▸ **Extracted information**:
________________________

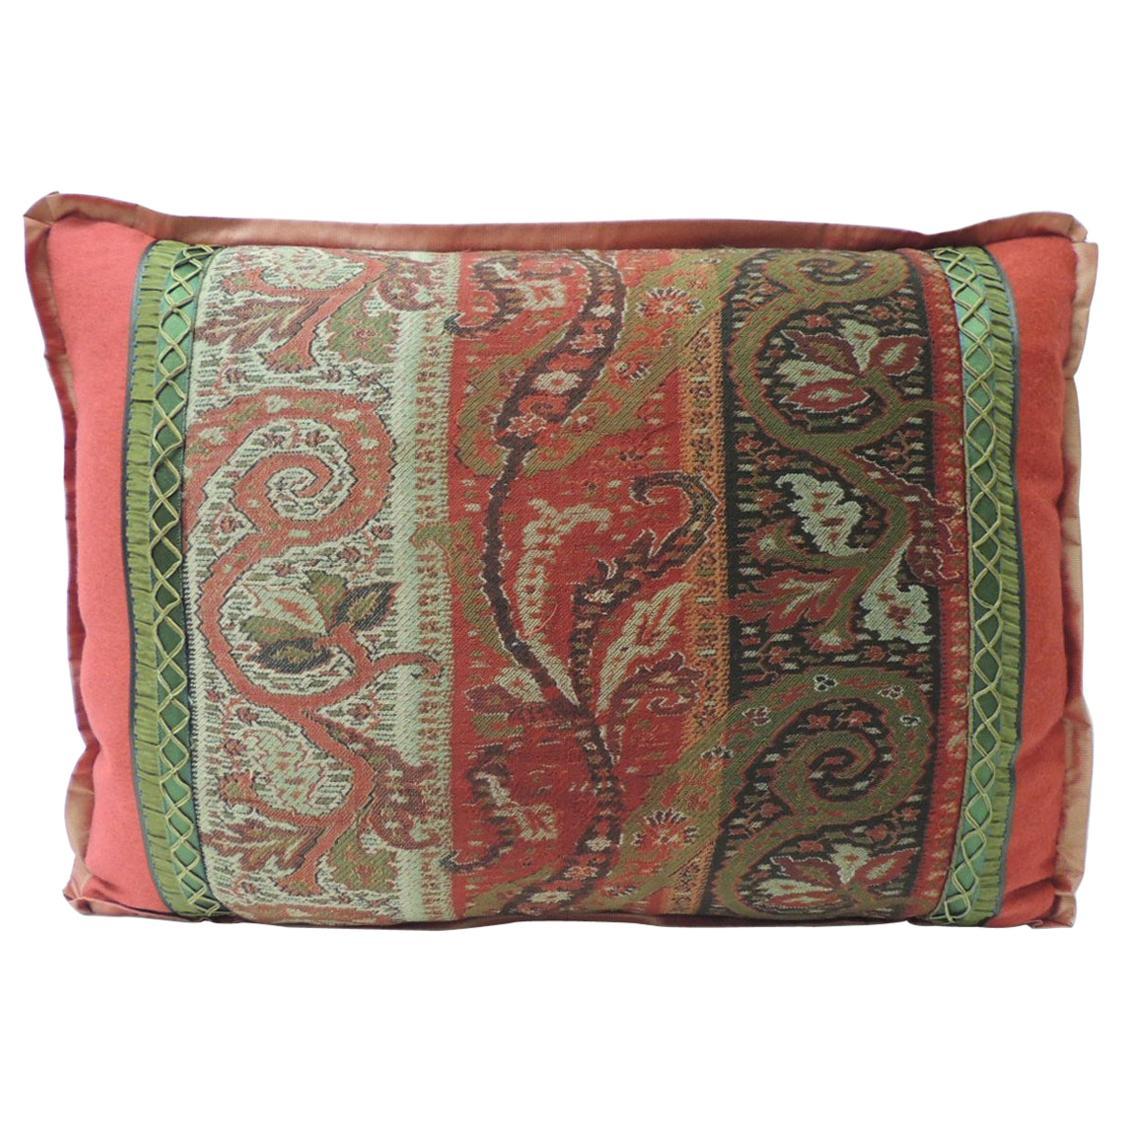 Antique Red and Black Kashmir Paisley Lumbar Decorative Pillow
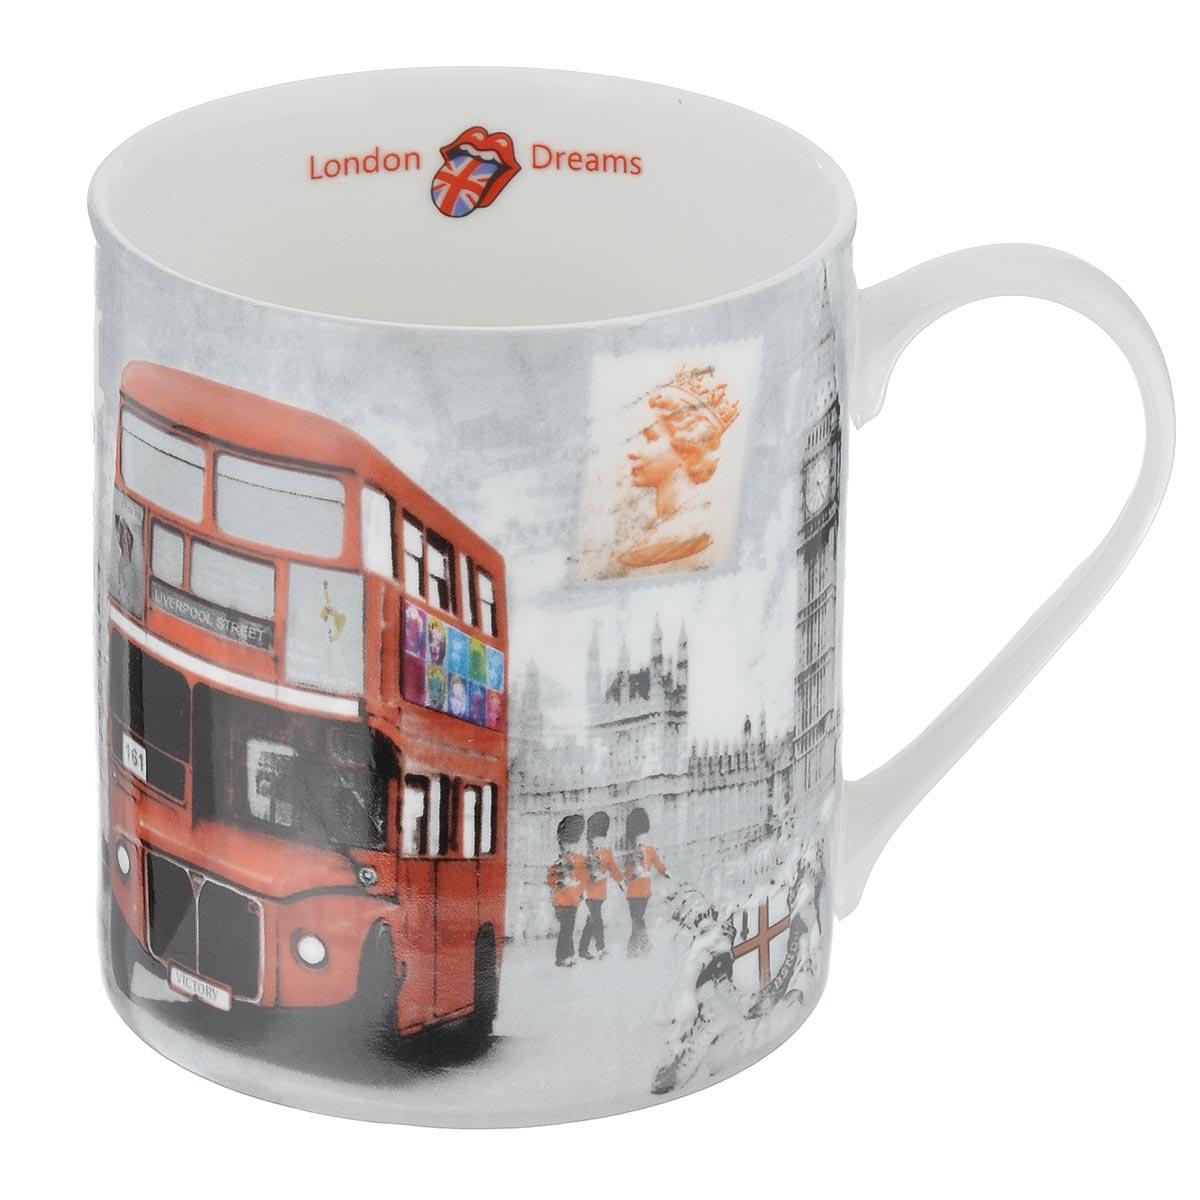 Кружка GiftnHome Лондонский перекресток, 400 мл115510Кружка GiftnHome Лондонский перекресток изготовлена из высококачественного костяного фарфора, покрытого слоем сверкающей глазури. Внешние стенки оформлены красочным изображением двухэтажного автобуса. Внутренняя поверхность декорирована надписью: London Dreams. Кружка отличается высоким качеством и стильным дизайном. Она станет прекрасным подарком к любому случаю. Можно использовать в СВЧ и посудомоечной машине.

________________________

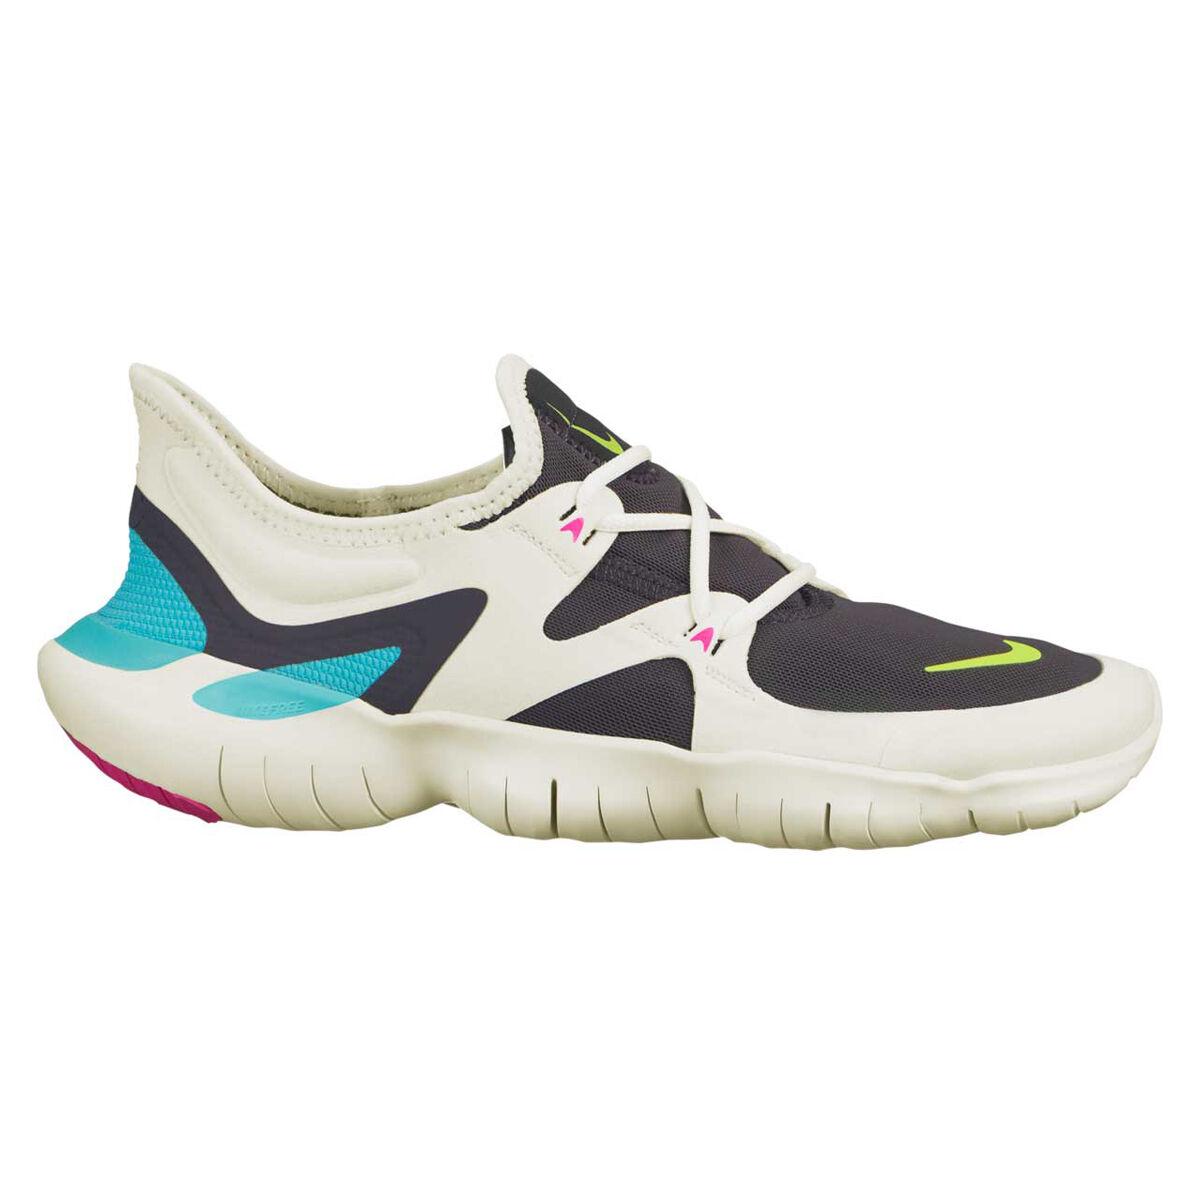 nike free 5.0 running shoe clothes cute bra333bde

________________________

▸ **Your objective**: Leaving each picture behind, please give again exactly the lines above from the one with "Antique Red and" through the one with "Кружка GiftnHome Лондонский перекресток, 400", both included, and no others.

▸ **Task response**:
 Antique Red and Black Kashmir Paisley Lumbar Decorative Pillow
 Кружка GiftnHome Лондонский перекресток, 400 мл115510Кружка GiftnHome Лондонский перекресток изготовлена из высококачественного костяного фарфора, покрытого слоем сверкающей глазури. Внешние стенки оформлены красочным изображением двухэтажного автобуса. Внутренняя поверхность декорирована надписью: London Dreams. Кружка отличается высоким качеством и стильным дизайном. Она станет прекрасным подарком к любому случаю. Можно использовать в СВЧ и посудомоечной машине.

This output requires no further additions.